GM to invest $100 million in New York parts plant
By Neale Gulley
ROCHESTER, New York (Reuters) - General Motors Co <GM.N> said on Tuesday it will invest $100 million in a New York parts plant that the company and union officials say was kept from closing because workers there agreed to "second-tier" wage levels designed to keep U.S. automakers competitive.
GM will make a new fuel injection product line at the Rochester plant, securing hundreds of jobs while also creating an additional 30 hourly jobs, New York Gov. Andrew Cuomo said. The plant currently employs 826 people.
GM's vice president for labor relations, Cathy Clegg, said the company has now announced investment of $1.1 billion at six North American plants to develop and produce the fuel-efficient "Gen V" small block engine that will be used primarily in full-sized trucks starting in the 2013 model year.
The new hires will boost to 675 the number of hourly wage workers at the Rochester plant, where most workers get the "second-tier" or "entry level" pay as low as $14.50 per hour -- about half the pay of veteran auto workers.
A two-tier wage system was instituted among the major U.S. automakers and the United Auto Workers union, mainly for new hires. Workers at the 72-year-old Rochester parts plant agreed to accept lower wages in 2007 when Delphi owned the plant, as part of that company's bankruptcy reorganization.
UAW Local 1097 President Dan Mahoney said the Rochester plant was almost closed in 2006. The Rochester plant opened in 1939 as a GM property, was later part of Delphi as it was spun off from GM, and was then taken back in 2009 by GM.
At its peak 20 years ago, Mahoney said, 6,000 people worked at the Rochester plant.
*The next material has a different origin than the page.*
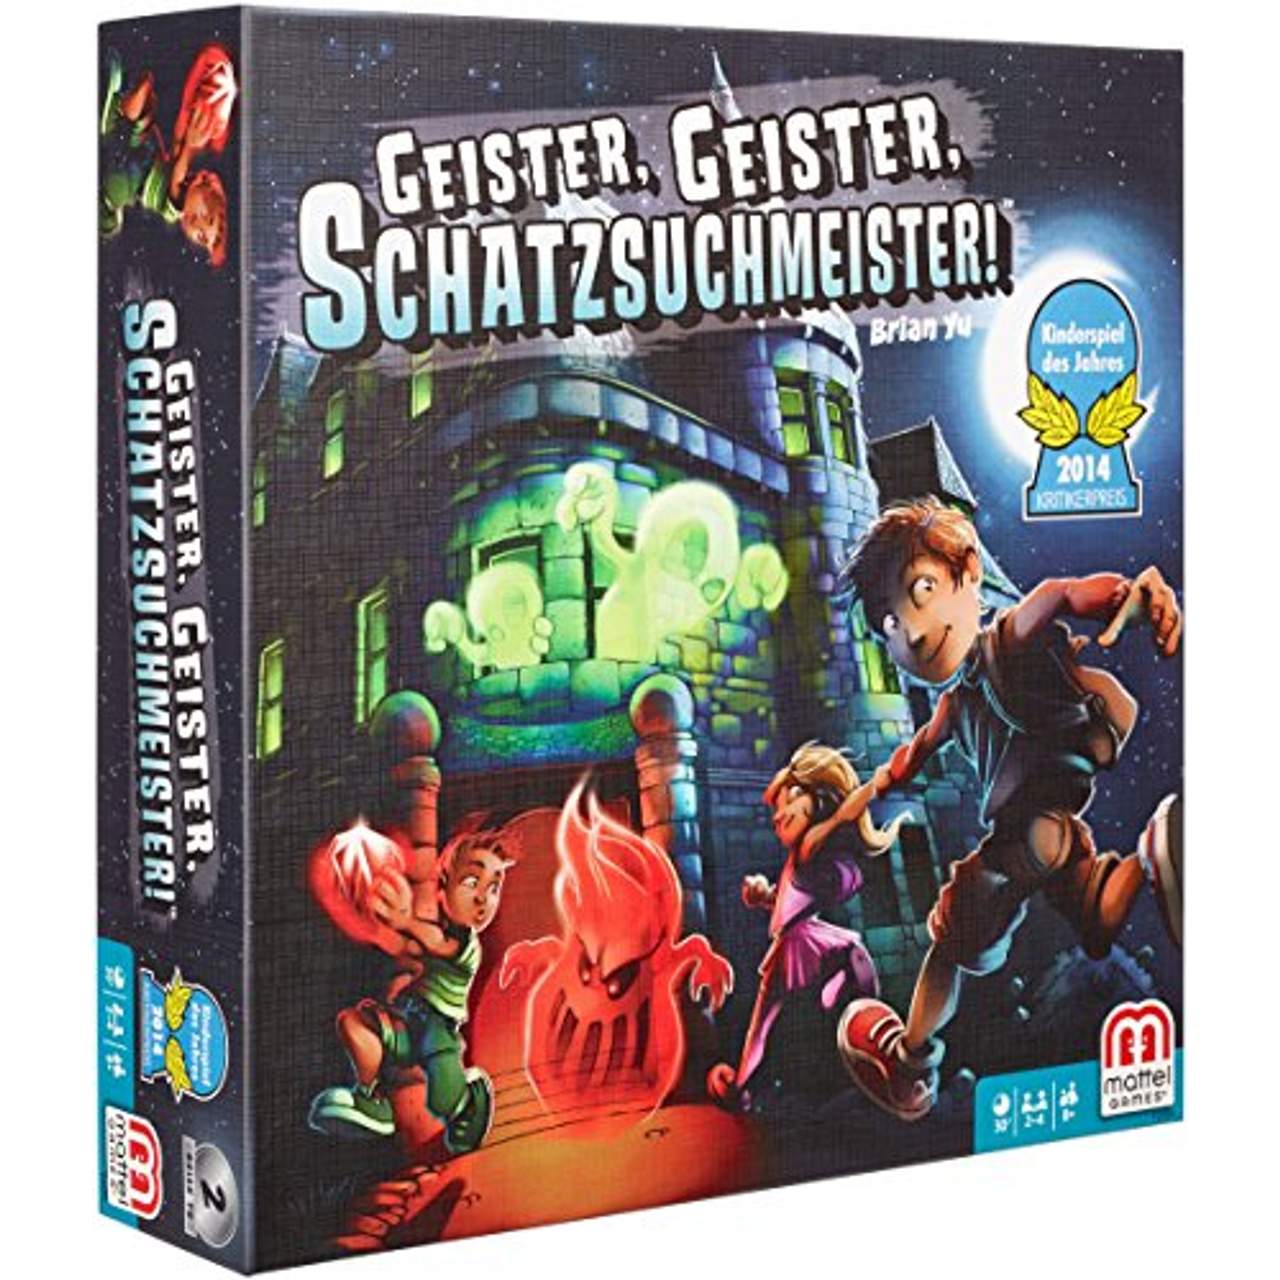 Geister Geister Schatzsuchmeister, Kinderspiel des Jahres 2014

The UAW's current contract with GM, Ford Motor Co <F.N> and Chrysler Group LLC expires in September and the future of two-tier wages is expected to be a key issue in upcoming talks.
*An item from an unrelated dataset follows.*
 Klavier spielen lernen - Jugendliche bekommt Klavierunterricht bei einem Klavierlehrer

Joe Ashton, UAW's vice president for GM relations, said it is too early to talk about the fate of two-tier pay. But he and other UAW executives have said that it is a key component to allowing U.S. automakers to compete with foreign automakers that have lower wage and benefit costs.
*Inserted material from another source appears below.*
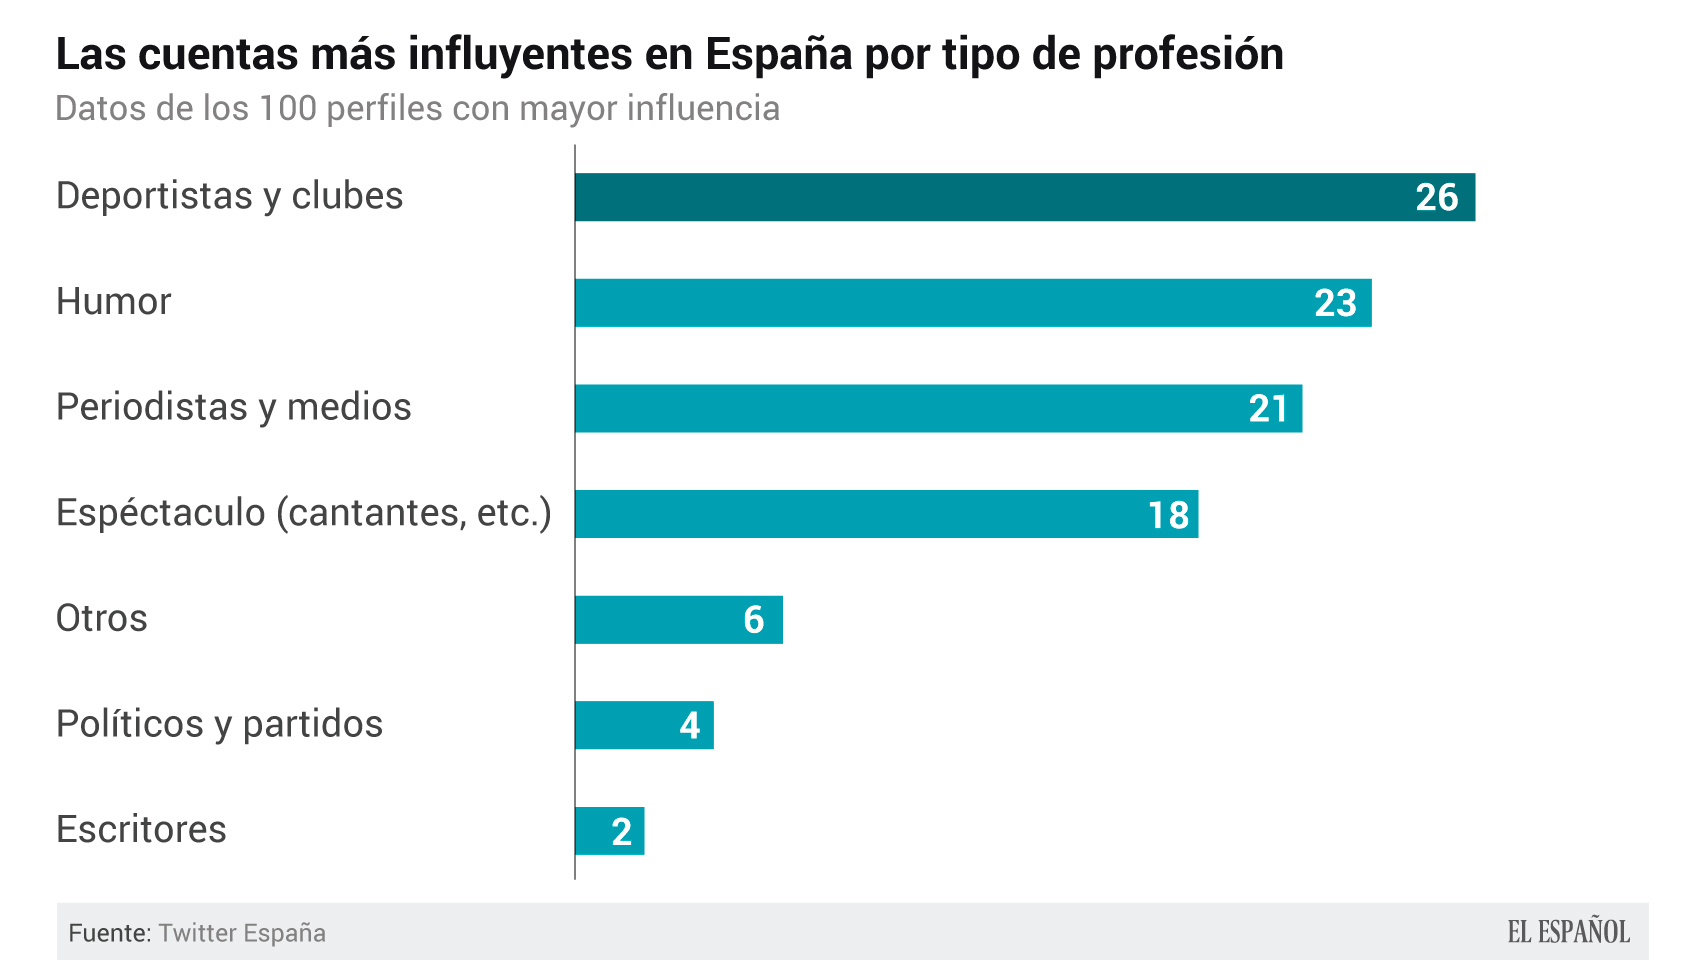 El top de influyentes, por tipo de profesión en España.

"I think the thing that gets lost about second tier is that second tier eventually becomes first tier," Ashton said.
GM's new chief financial officer, Dan Ammann, told analysts last week the company would agree to variable labor cost increases, like profit-linked bonuses for workers, to avoid larger, structural contract cost increases like health care.
Ashton declined to comment, saying he will save that for the negotiations.
GM said the jobs in Rochester were kept from moving outside the United States by a combination of the second-tier wages and a $3 million capital grant and $1.82 million in jobs program benefits from New York.